● Work required: What you return should be every line below, word for word, and none of the images.

● Input data:

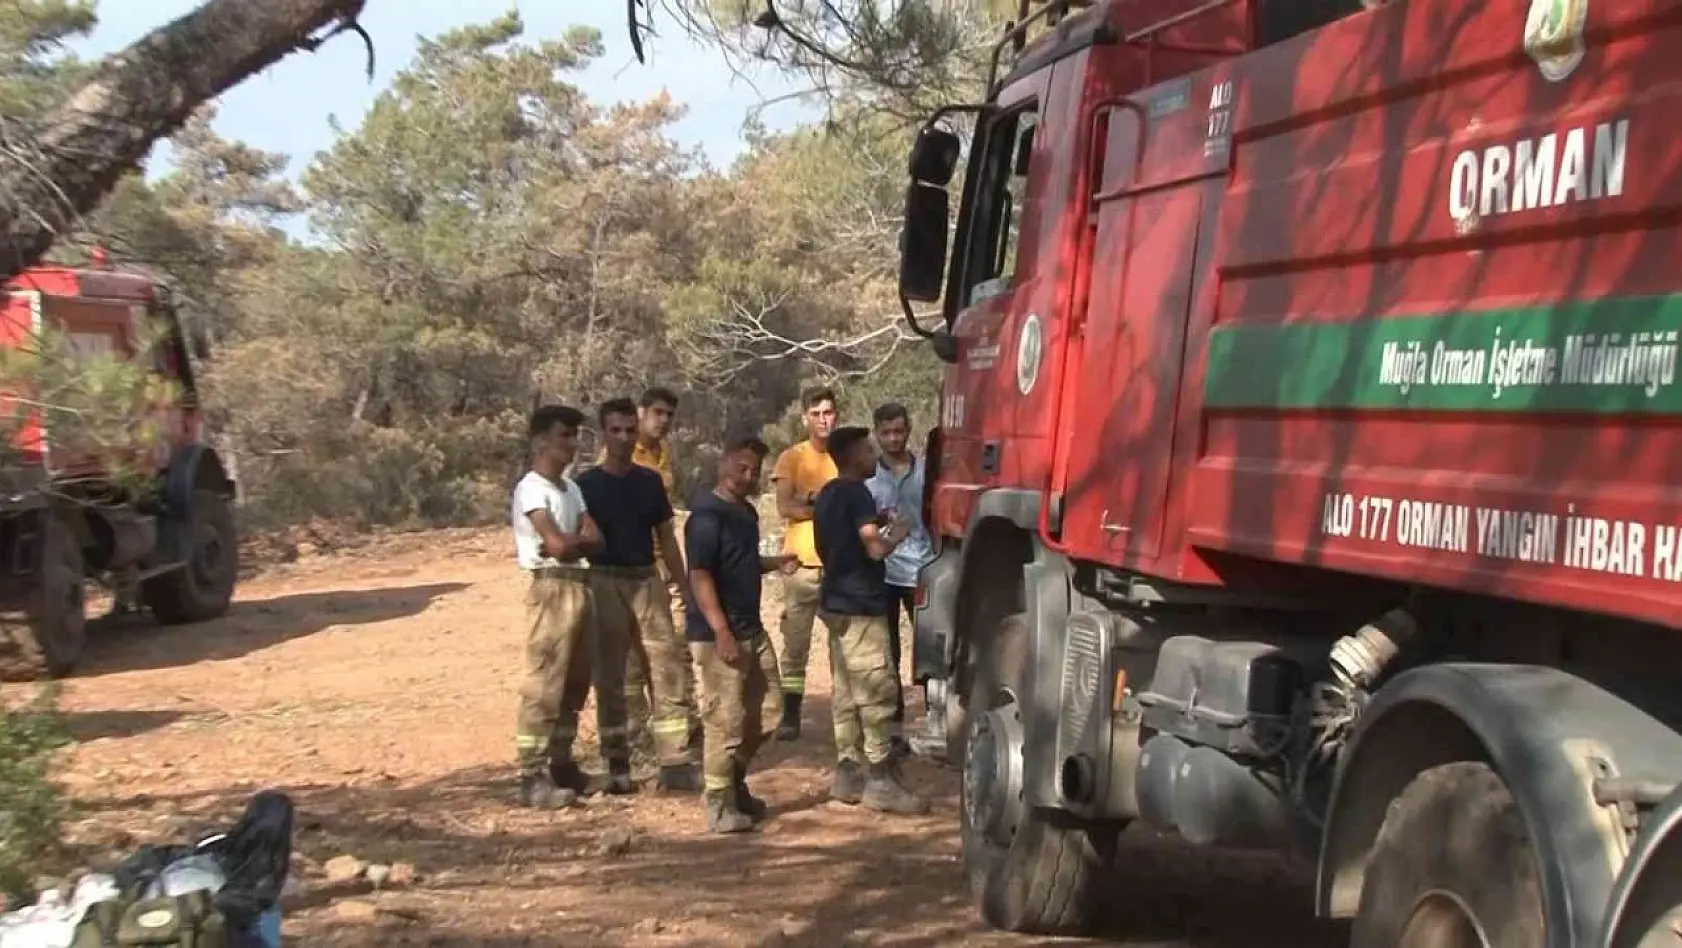 Marmaris'te alev nöbeti tutan orman işçisi: 'Her yer güvenli denilene kadar bu bölgedeyiz'
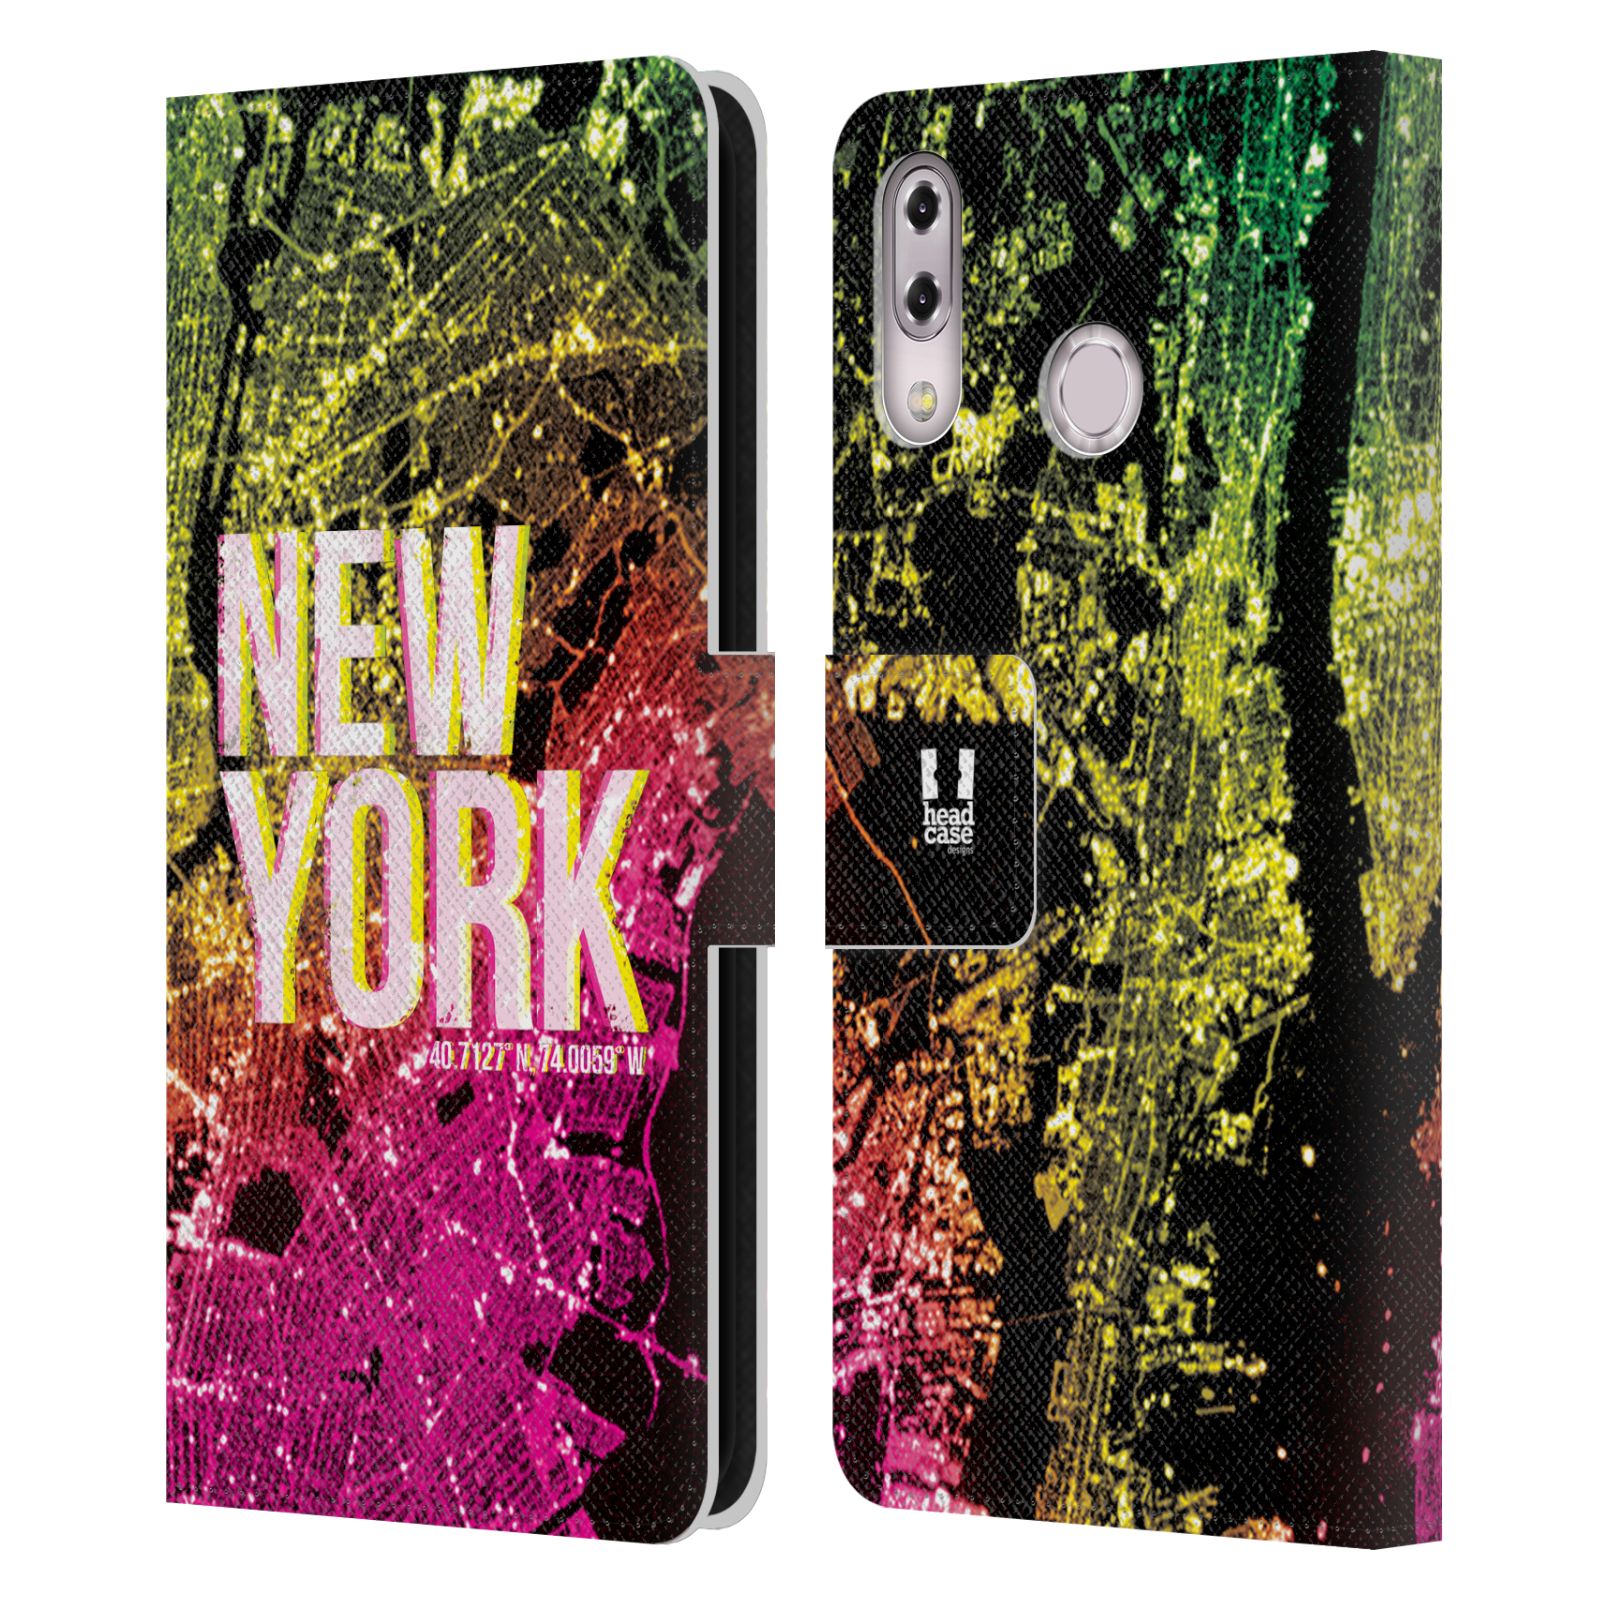 Pouzdro na mobil Asus Zenfone 5z ZS620KL / 5 ZE620KL - Head Case - NEW YORK pohled z vesmíru
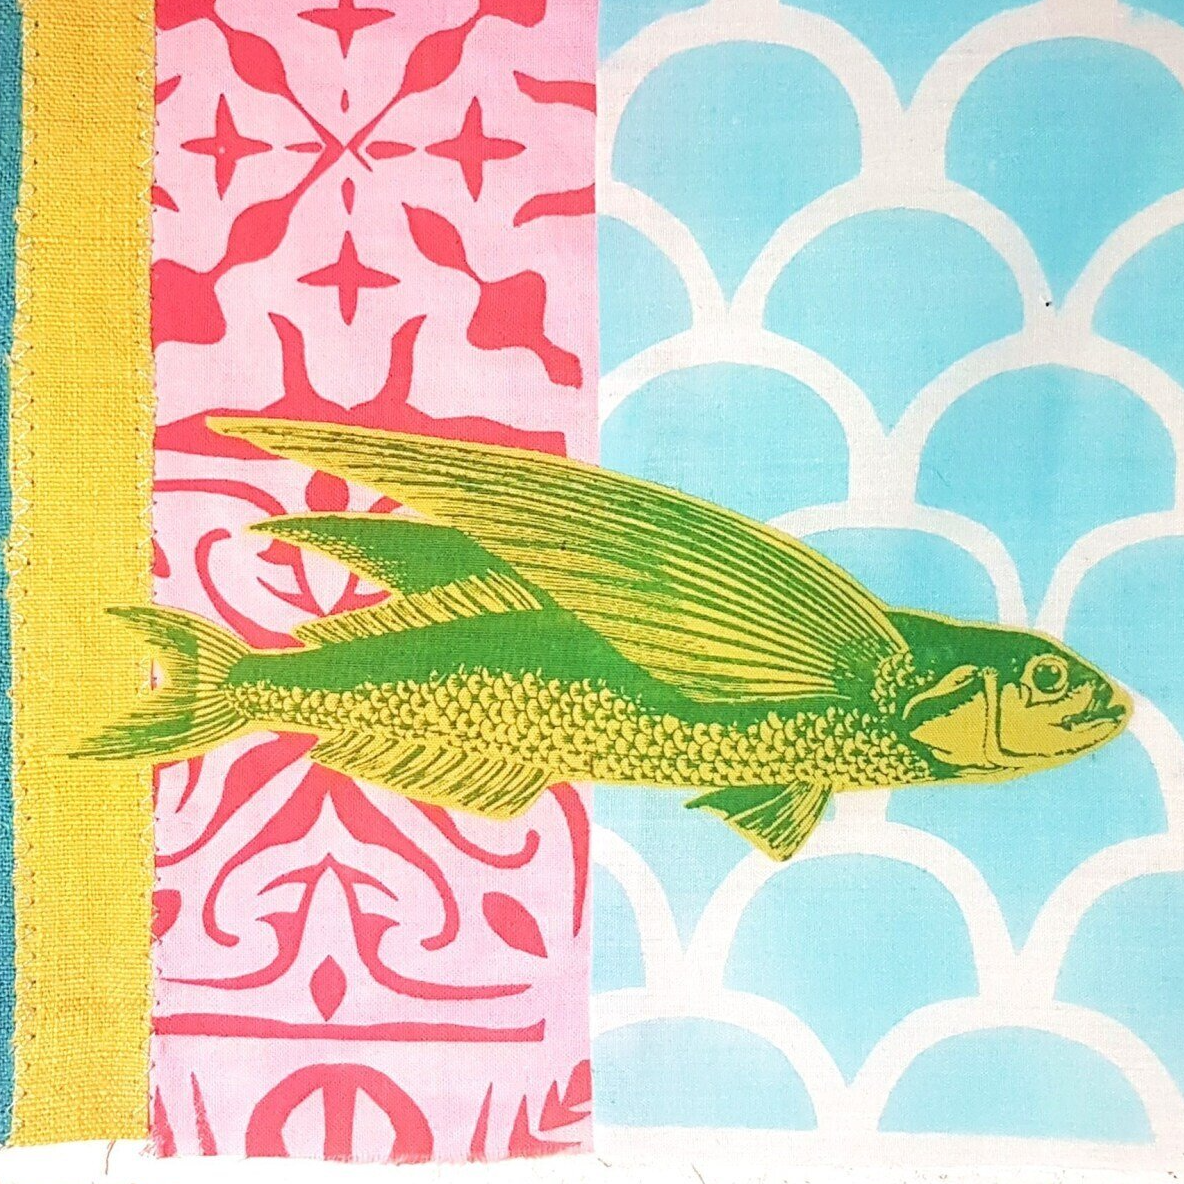 fliegender Fisch als Siebdruck auf Muster Schablonendruck

● Reply to the task:
 Marmaris'te alev nöbeti tutan orman işçisi: 'Her yer güvenli denilene kadar bu bölgedeyiz'
 Pouzdro na mobil Asus Zenfone 5z ZS620KL / 5 ZE620KL - Head Case - NEW YORK pohled z vesmíru
 fliegender Fisch als Siebdruck auf Muster Schablonendruck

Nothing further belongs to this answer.